THE DATA:
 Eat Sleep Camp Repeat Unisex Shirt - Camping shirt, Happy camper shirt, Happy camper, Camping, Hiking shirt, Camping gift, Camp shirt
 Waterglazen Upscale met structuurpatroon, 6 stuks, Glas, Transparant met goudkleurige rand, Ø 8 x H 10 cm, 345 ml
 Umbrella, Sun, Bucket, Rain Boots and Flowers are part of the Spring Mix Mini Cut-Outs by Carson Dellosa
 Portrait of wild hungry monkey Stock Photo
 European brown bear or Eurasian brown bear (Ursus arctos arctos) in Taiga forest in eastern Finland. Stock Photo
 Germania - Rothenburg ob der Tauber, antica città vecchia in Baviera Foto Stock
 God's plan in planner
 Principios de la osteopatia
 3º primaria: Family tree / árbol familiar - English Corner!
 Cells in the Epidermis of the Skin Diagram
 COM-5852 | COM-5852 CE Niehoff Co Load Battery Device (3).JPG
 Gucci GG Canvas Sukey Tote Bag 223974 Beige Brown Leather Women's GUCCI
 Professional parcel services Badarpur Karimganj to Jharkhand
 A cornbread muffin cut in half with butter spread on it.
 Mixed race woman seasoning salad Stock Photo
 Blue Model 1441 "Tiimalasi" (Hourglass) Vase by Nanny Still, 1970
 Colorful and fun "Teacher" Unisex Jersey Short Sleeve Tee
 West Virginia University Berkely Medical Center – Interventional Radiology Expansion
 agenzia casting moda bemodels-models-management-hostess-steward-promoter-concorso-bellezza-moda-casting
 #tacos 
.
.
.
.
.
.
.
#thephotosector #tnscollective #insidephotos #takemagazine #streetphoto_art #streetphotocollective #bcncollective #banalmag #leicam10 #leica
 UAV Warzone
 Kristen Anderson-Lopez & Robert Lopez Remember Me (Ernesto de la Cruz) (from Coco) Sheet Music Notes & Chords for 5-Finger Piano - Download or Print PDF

PROBLEM DESCRIPTION: Within the data above, the span starting at the line containing "agenzia casting moda" and ending at the line containing "UAV Warzone" is to be retyped exactly, with no other lines.

ANSWER SPACE:
 agenzia casting moda bemodels-models-management-hostess-steward-promoter-concorso-bellezza-moda-casting
 #tacos 
.
.
.
.
.
.
.
#thephotosector #tnscollective #insidephotos #takemagazine #streetphoto_art #streetphotocollective #bcncollective #banalmag #leicam10 #leica
 UAV Warzone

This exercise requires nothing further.